Thanks for the feedback!
- the main benefit is that I don’t need to write or maintain code around storing, retrieving, and hopefully visualizing time series data
- pricing looks fine. Maybe even a little low for Business. But I’d have to try it out to understand if the usage thresholds are too high / low. May want to have a plan between 75 and 450 - that’s a big, painful jump
- May want to think about spending some time editing your copy so it’s crisper. A lot of it can be put into an eg FAQ (why not to use a temp email, for example).
- some examples in other languages would be useful (Ruby, Python, JS, etc)
- I like that I can create an account with just a curl POST. Good stuff.
- one concern is how fast is retrieval? If I’m retrieving data in a request thread I want it to be FAST. One factor here is server performance. If you’re using eg AWS to host that would give me some confidence that you can scale up beyond a hamster wheel if necessary
- no way to try this out on mobile, which is I suspect where a lot of people will first see this. How can you remind them to come back when they’re at a desktop? Collect an email and remind them maybe?
Haven’t tried the service yet but assuming it works as advertised it’s a good start.
The thresholds are pretty much guesswork - they're probably a bit off but I'll adjust them when I know more about how people use the service. One thing that might not be immediately obvious is the amount of data you can store at the different price points. The number of time series and the number of points per series go up, which means a lot more potential data storage each time you go up a level. More storage means more transfers, and so I set the levels and pricing based on worst-case calculations for AWS bandwidth usage costs.
And yes, it's hosted on AWS at the moment. Virginia. It should be reasonable fast for US-based users, but if it turns out to be viable I might look at distributing it more. As for scalability it is designed to be scalable, but currently there is a bottleneck in the form of a lookup database that is hit for each request for timeseries data. If I add caching of those lookups, it should scale well horizontally - I just add more API servers and timeseries databases
I'll definitely be adding code examples. Perhaps also documentation/howtos for interfacing via IFTTT, Zapier etc?
Oh, and the copy etc - I wanted to minimize the number of pages, so I put all the most useful info on the front page :) I definitely agree that e.g. an FAQ section would be nice.
Thanks again for some solid feedback!
Maybe you can use it for inspiration, it's called Gweet:
Fantastic job with this, I can't wait to try it
Why not make sure the email address has been validated before allowing it to be automatically created?

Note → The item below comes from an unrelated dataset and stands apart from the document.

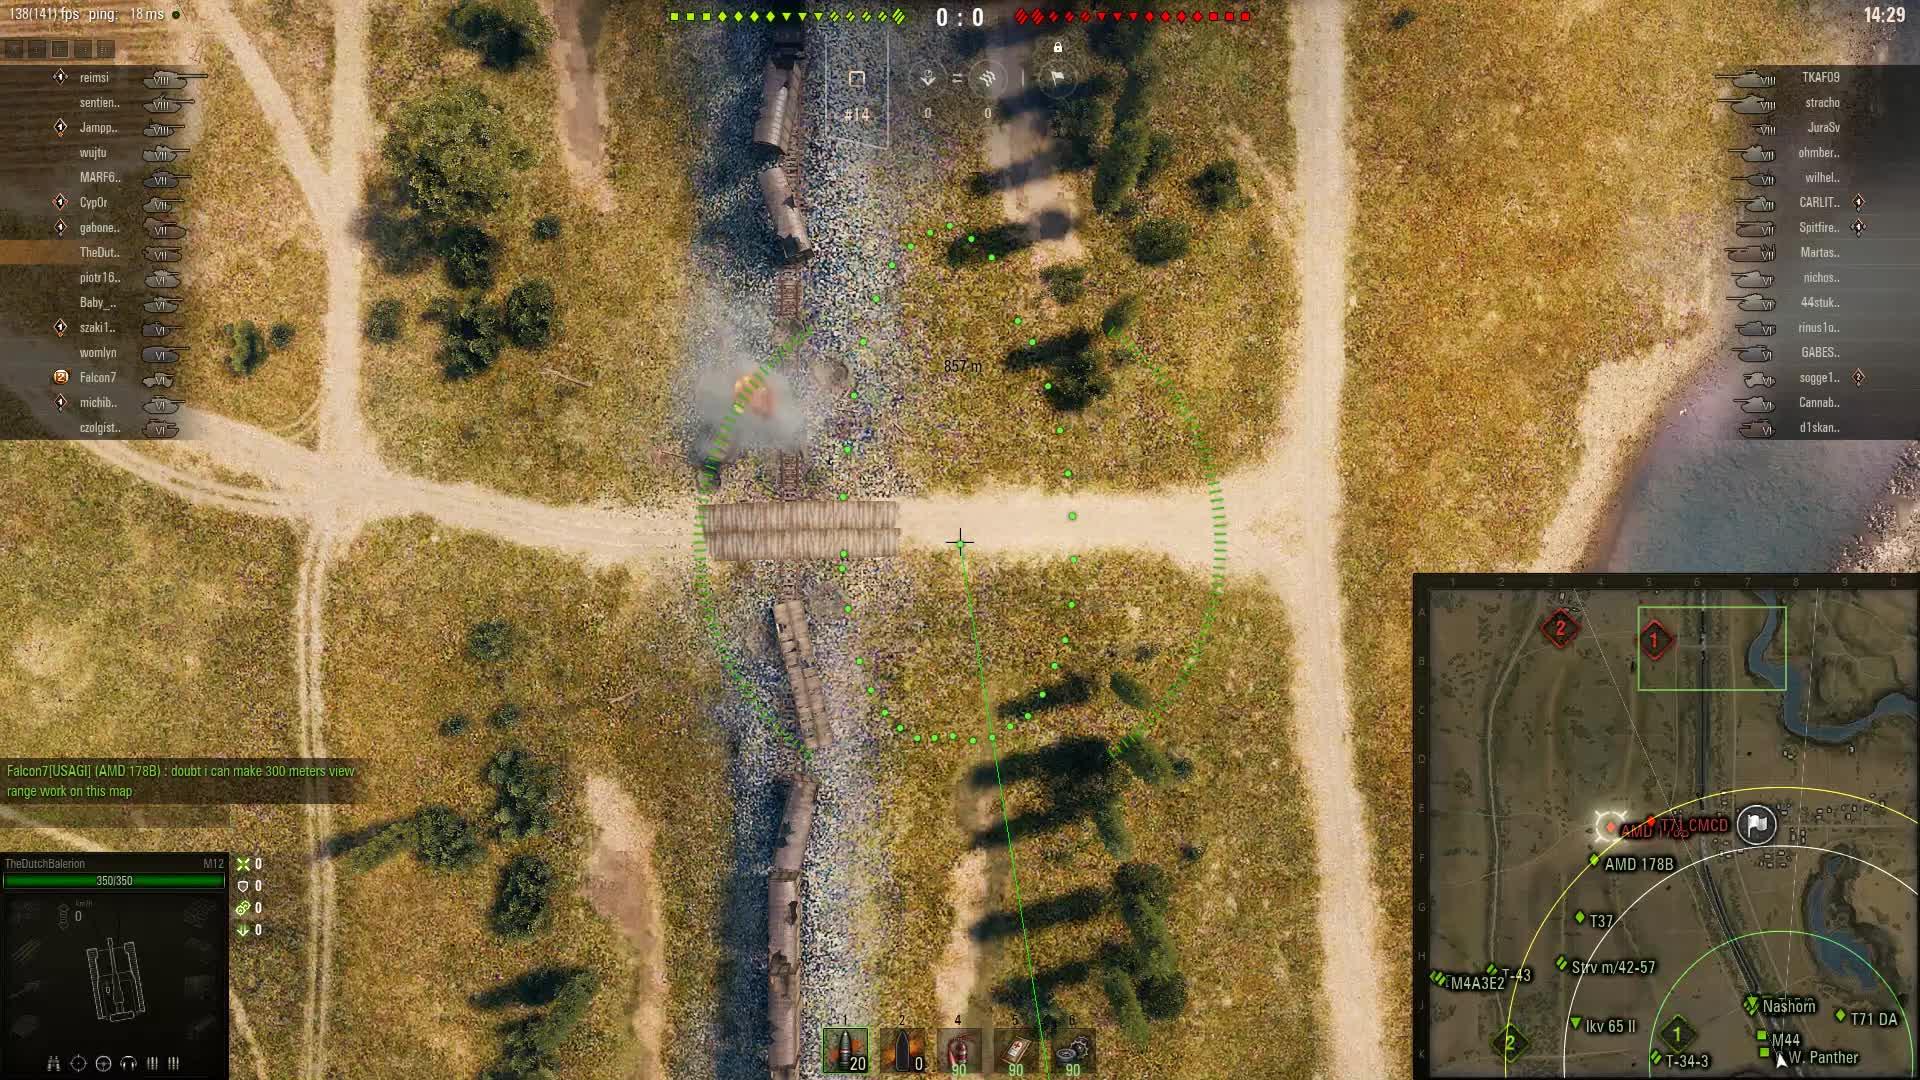 worldoftanks, World of Tanks 2019.02.06 - 10.43.11.02 GIFs

Because right now someone could spam the sites servers with millions of unverified emails...
So, in short: yes, the system could be used for email spamming, but not very effectively. There are better options if all you want to do is spam people.
I hope you make sure that you get high in google ranking.
A while back (about a year ago) I had the need for something like this and kept searching on google for such a service.
Surely somebody must have written it, I thought.
Well, I ended up accepting that either it did not exist or if it existed it was impossible to find (which is the same thing from my angle).
So again hope people find you once the hackernews show traffic fades away...
I am curious how this is different from multiple other hosted graphite/grafana solutions. All of them allow for time-series to be stored and retrieved/graphed.
Complexity always come back and get you. All this frameworks focus on throwing out code in weeks and make stuff impossible to maintain in few years - that's the tradeoff.
It's no surprise FAANG and especially Amazon focus so much on simplifying their infra and write stuff from scratch so often.